## Paper 6: Trustworthy Online Controlled Experiments
**Authors:** Kohavi, Tang
**Year:** 2020
**Venue:** Cambridge University Press (Book/Publication)
**DOI:** [10.1017/9781108653985](https://doi.org/10.1017/9781108653985)

### Research Question
How can organizations utilize the scientific method (A/B testing) to make data-driven decisions that are statistically trustworthy, scalable, and innovative?

### Methodology
- **Design:** Empirical / Best Practices Guide
- **Approach:** Analysis of >20,000 controlled experiments per year across Google, LinkedIn, and Microsoft.
- **Key Concepts:** Overall Evaluation Criterion (OEC), Twyman's Law, Marginal Cost of Experimentation.

### Key Findings
1. **The Difficulty of Trust:** "Getting numbers is easy; getting numbers you can trust is hard." The paper emphasizes that most data interpretations are flawed due to violated assumptions.
2. **Twyman's Law:** Any figure that looks interesting or different is usually wrong.
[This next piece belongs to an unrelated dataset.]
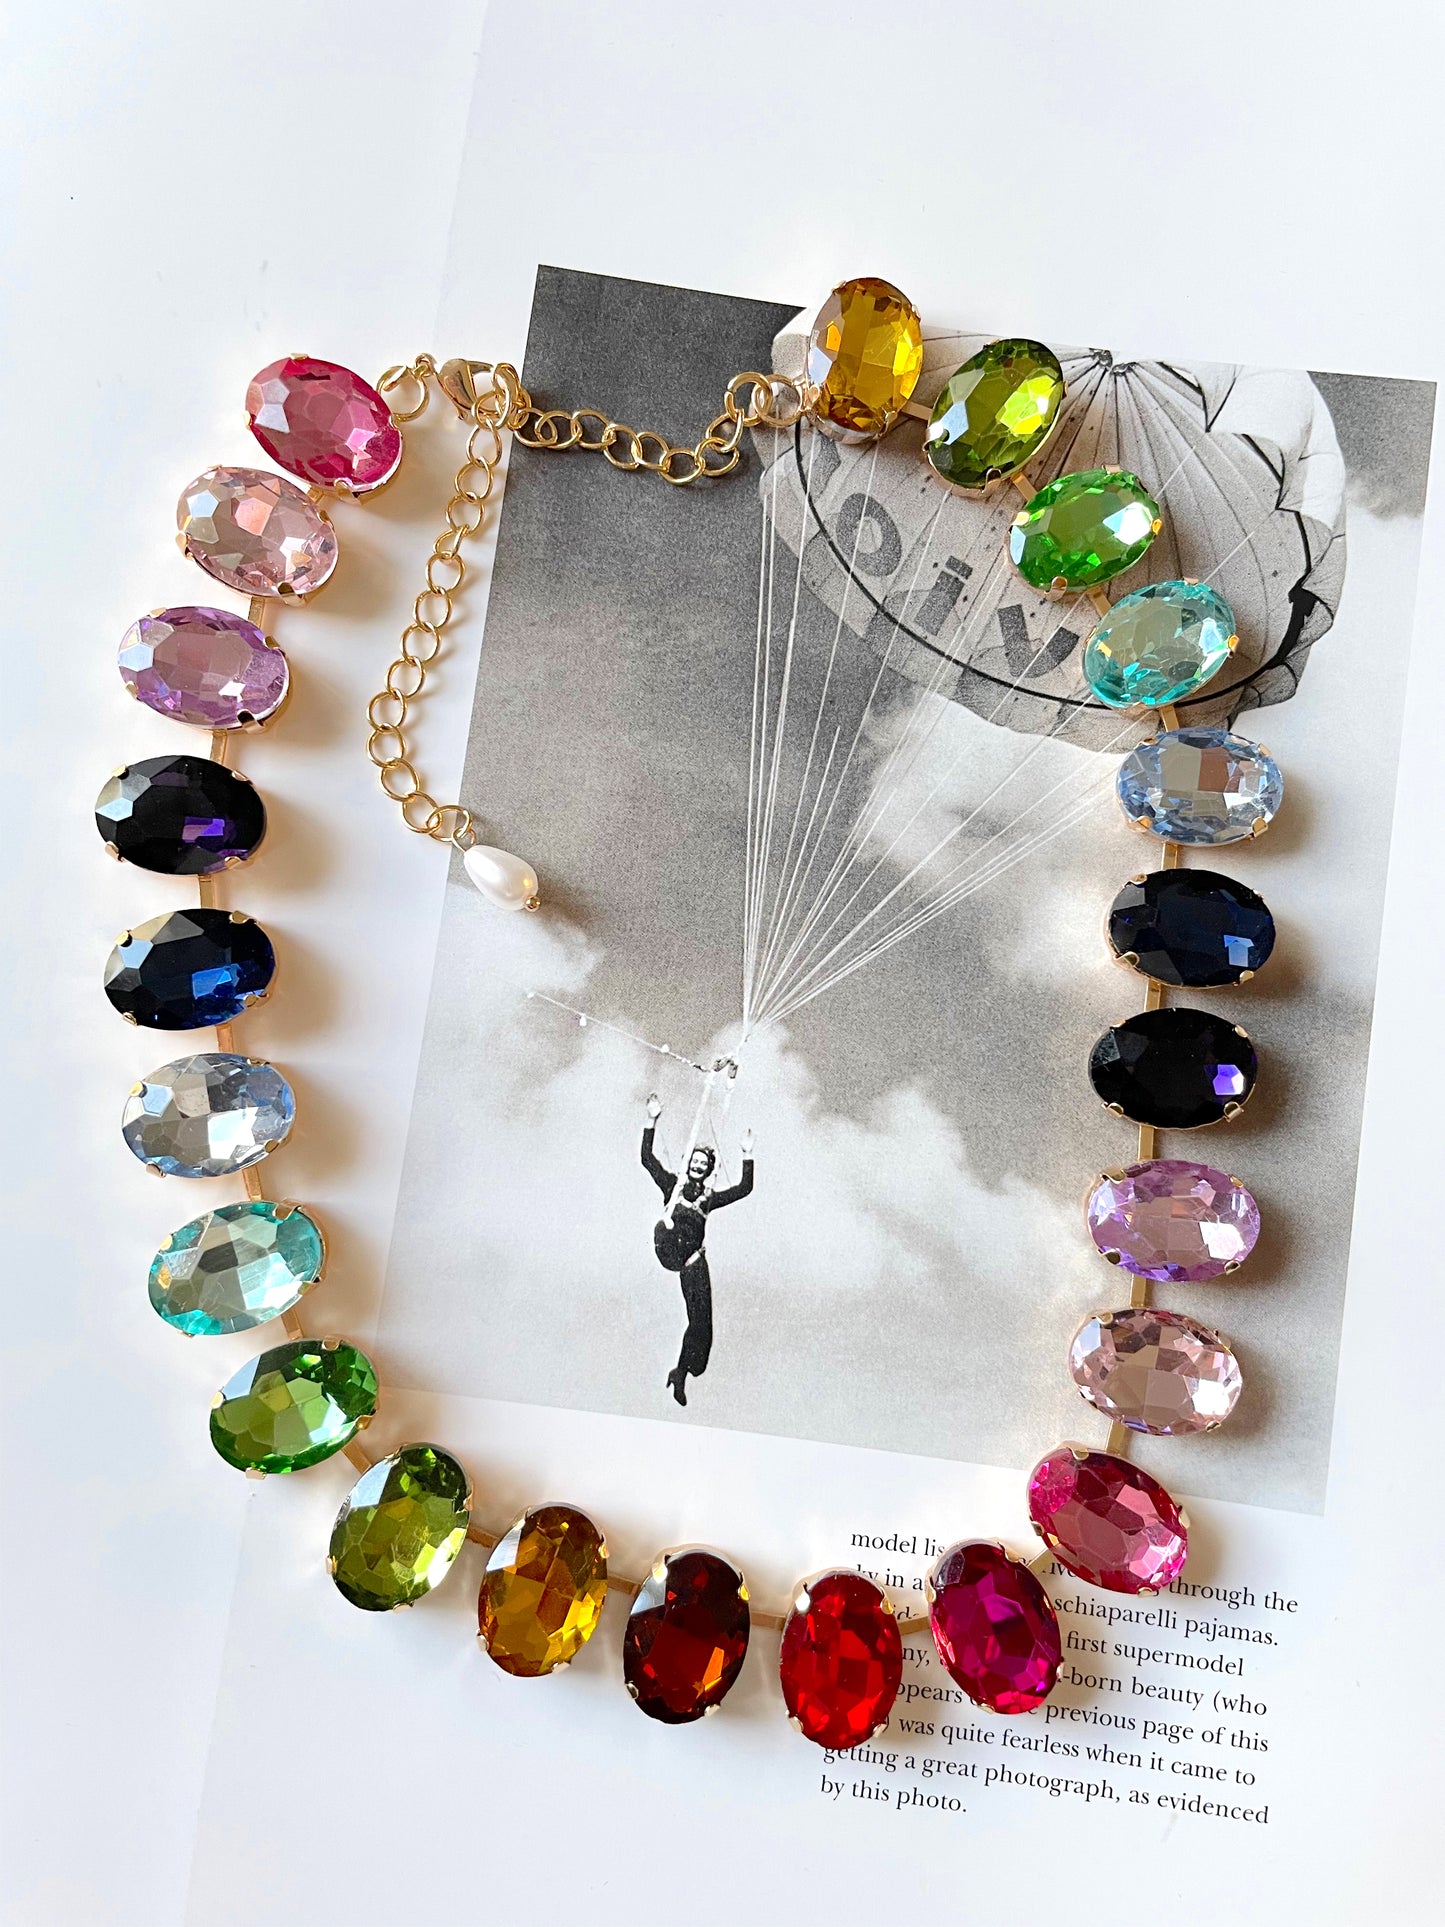 Rainbow dream necklace

This is a critical check against false positives in innovation.
3. **Scalability:** To innovate effectively, the marginal cost of running an experiment must be lowered to near zero.
4. **OEC (Overall Evaluation Criterion):** Organizations must define a single, composite metric that aligns with long-term goals to avoid optimizing for short-term vanity metrics.

### Implications
This is the methodological "bible" for the UX strategies mentioned in Paper 4. It suggests that the "personalization" in Paper 2 and the "innovation" in Paper 5 must be rigorously tested. Without the frameworks Kohavi describes, banks risk implementing "innovations" that degrade user value.

### Limitations
- **Tech-Giant Bias:** The methods are derived from Google/Microsoft, which have massive traffic volumes. Applying these statistical significance thresholds to smaller FinTech startups or B2B banking apps with lower traffic is challenging.

### Notable Citations
- **Twyman's Law:** A key concept for data validity.

### Relevance to Your Research
**Score:** ⭐⭐⭐⭐⭐ (5/5)
**Why:** Provides the *scientific rigor* required for the research. It bridges the gap between "having an idea" (Paper 5) and "proving it works" (Paper 7).

---